Look through the data below for the line with "Adolescente regardant vers" and the line with "Pegane - Table", then transcribe exactly from the first through the second, leaving out all pictures.

(Records for this exercise Opens)

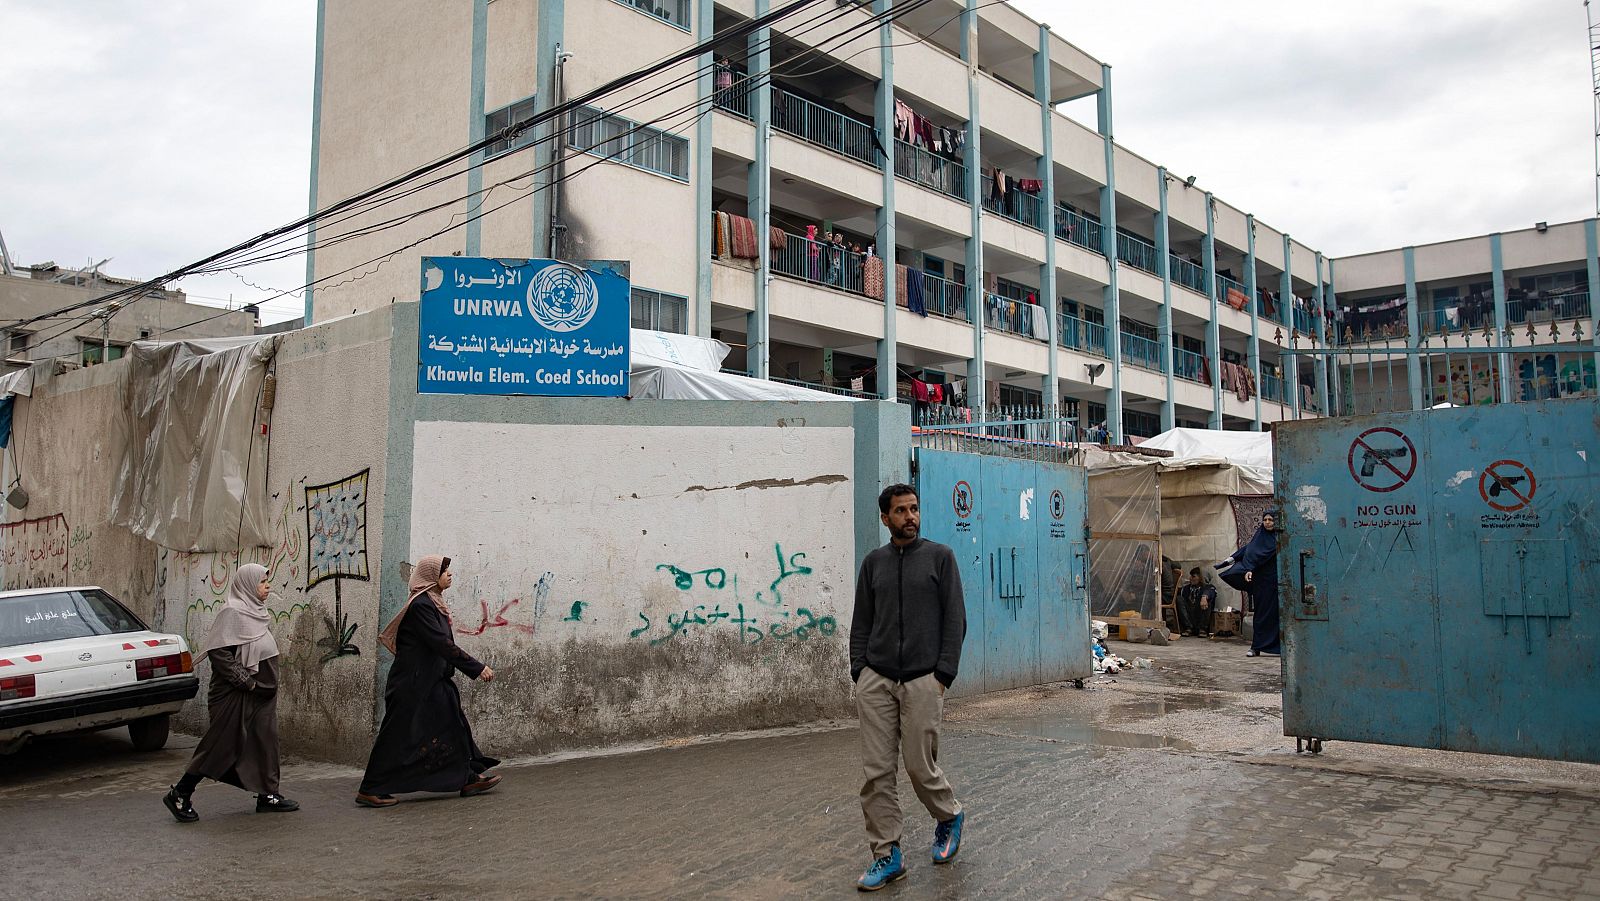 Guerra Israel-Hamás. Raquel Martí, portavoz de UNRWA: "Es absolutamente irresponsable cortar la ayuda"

(Records for this exercise Closes)
(Records for this exercise Opens)

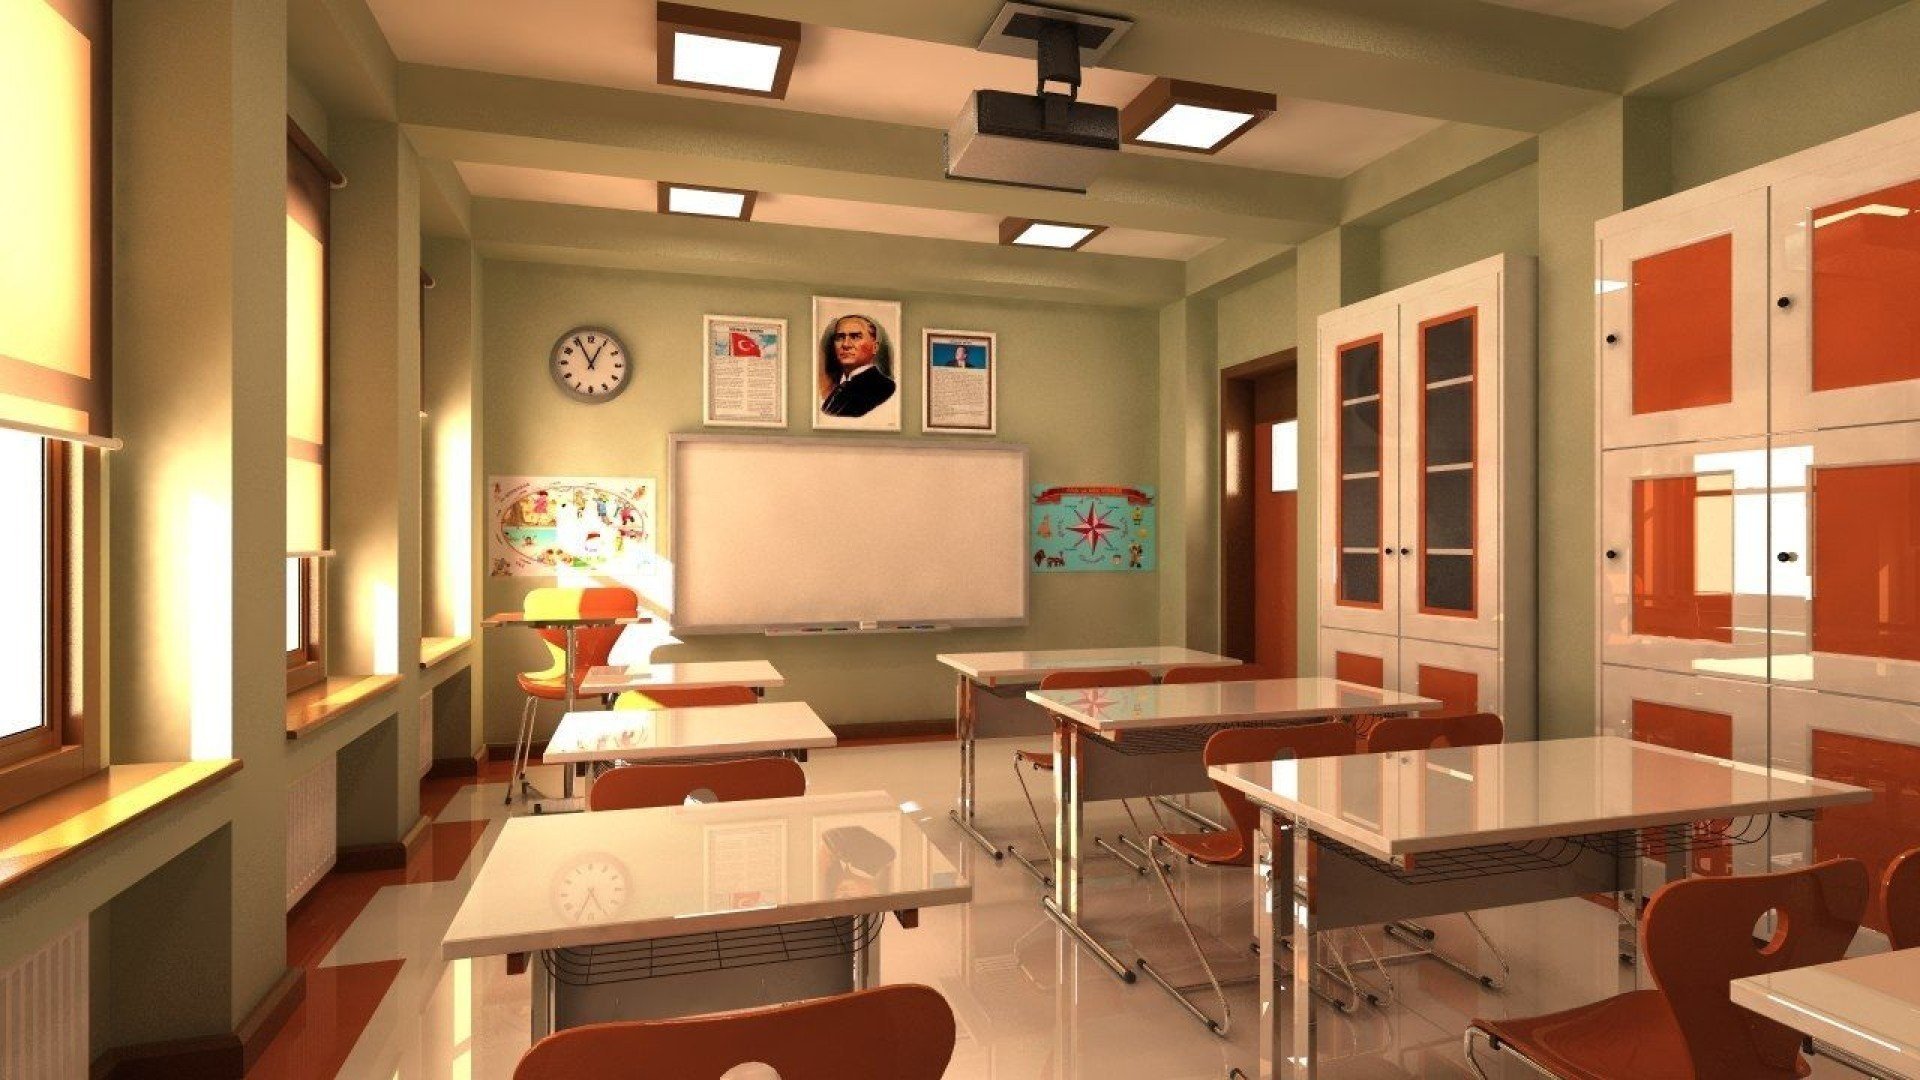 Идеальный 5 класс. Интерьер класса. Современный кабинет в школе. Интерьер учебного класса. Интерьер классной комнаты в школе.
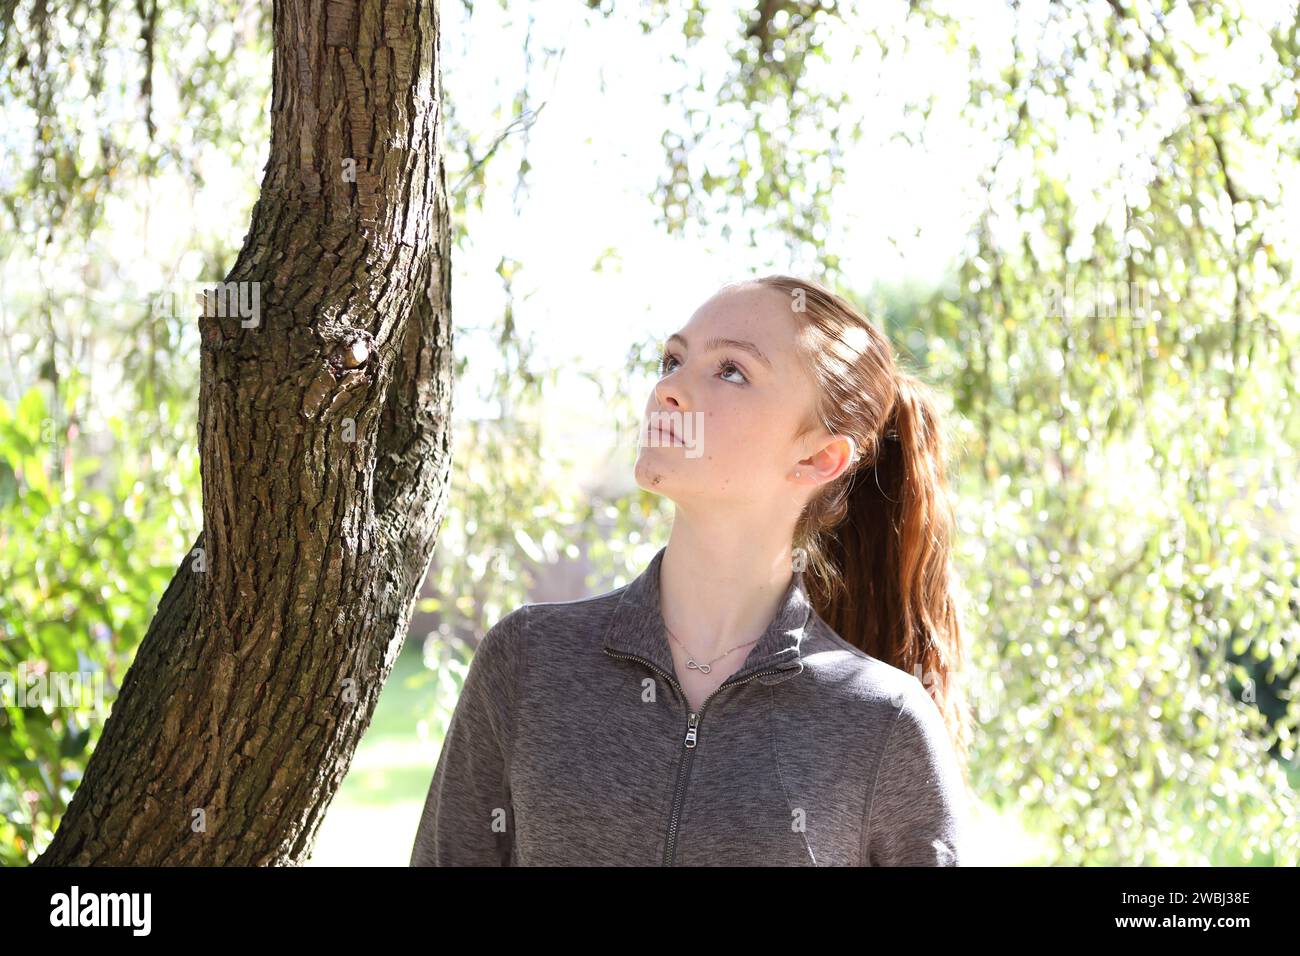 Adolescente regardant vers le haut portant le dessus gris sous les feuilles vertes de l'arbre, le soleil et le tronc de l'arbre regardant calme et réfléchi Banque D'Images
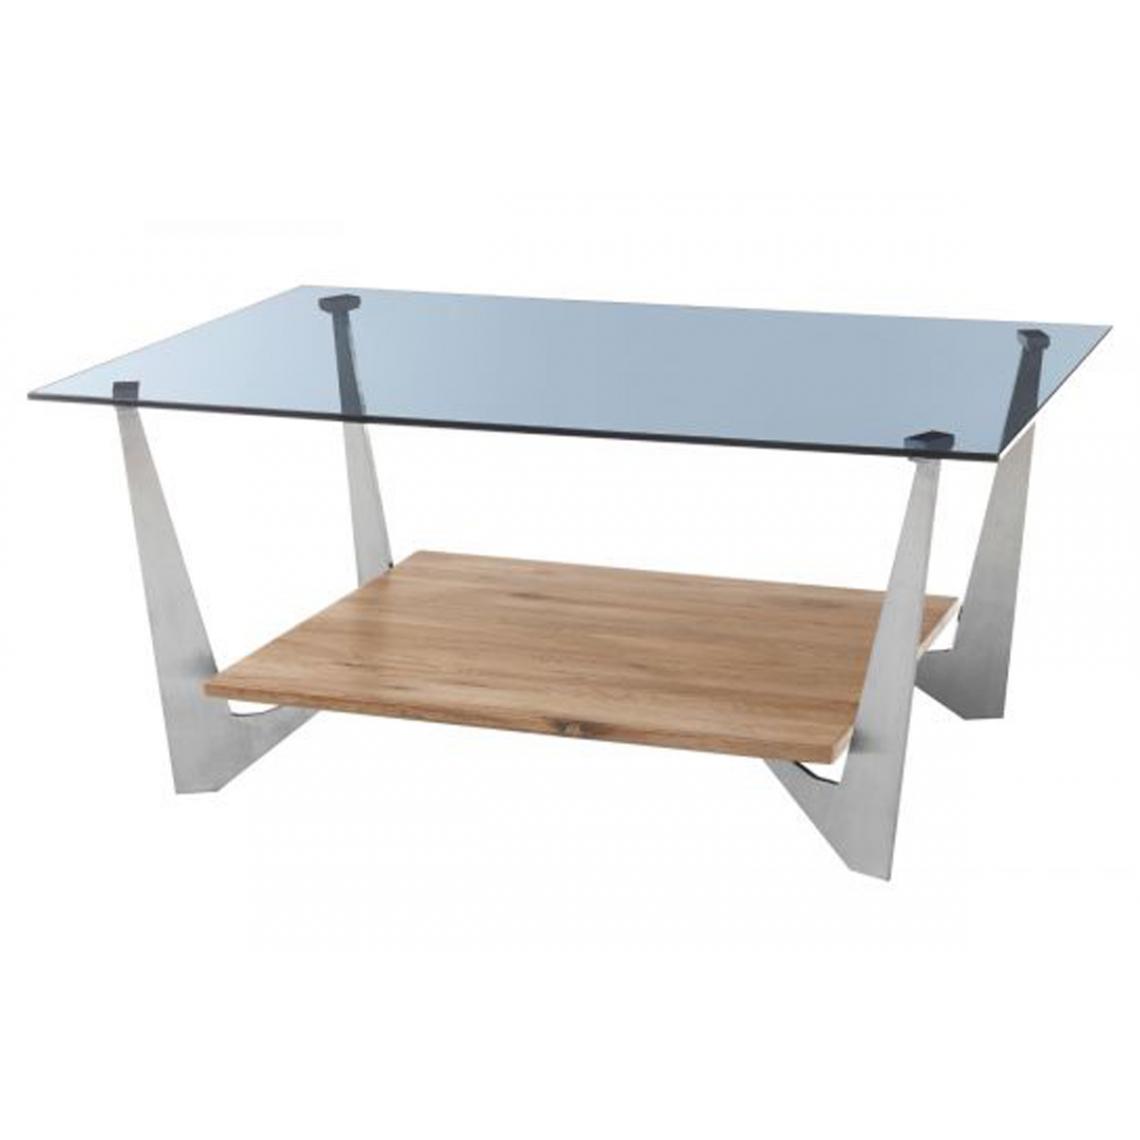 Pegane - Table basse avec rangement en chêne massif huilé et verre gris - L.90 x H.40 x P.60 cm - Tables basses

(Records for this exercise Closes)
(Records for this exercise Opens)

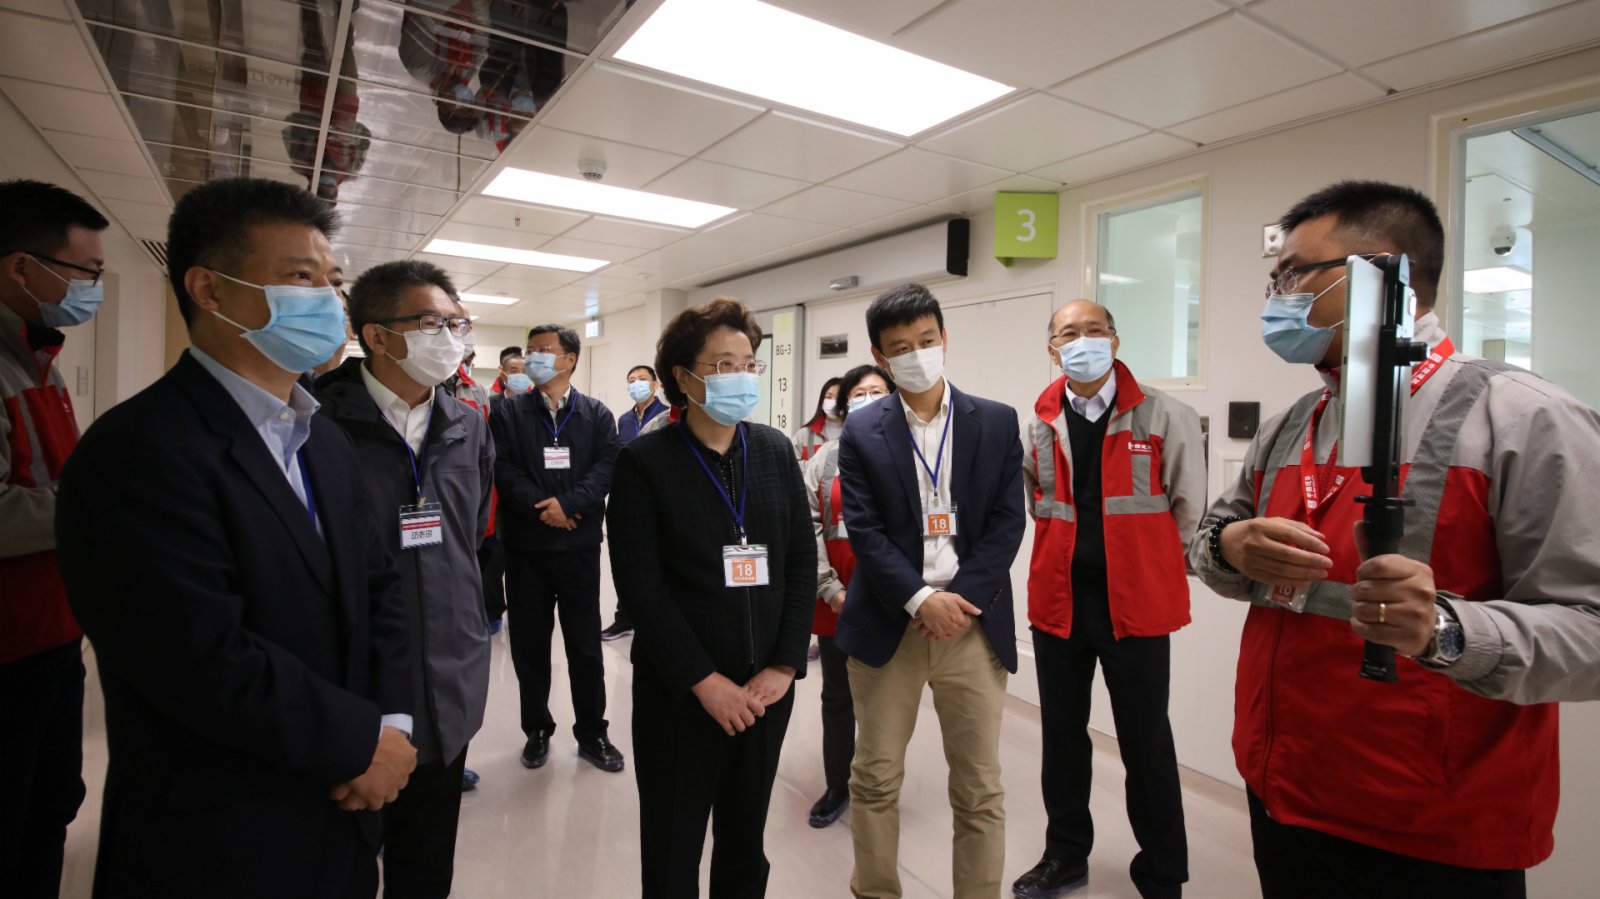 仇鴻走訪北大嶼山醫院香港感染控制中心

(Records for this exercise Closes)

Response area:
 Adolescente regardant vers le haut portant le dessus gris sous les feuilles vertes de l'arbre, le soleil et le tronc de l'arbre regardant calme et réfléchi Banque D'Images
 Pegane - Table basse avec rangement en chêne massif huilé et verre gris - L.90 x H.40 x P.60 cm - Tables basses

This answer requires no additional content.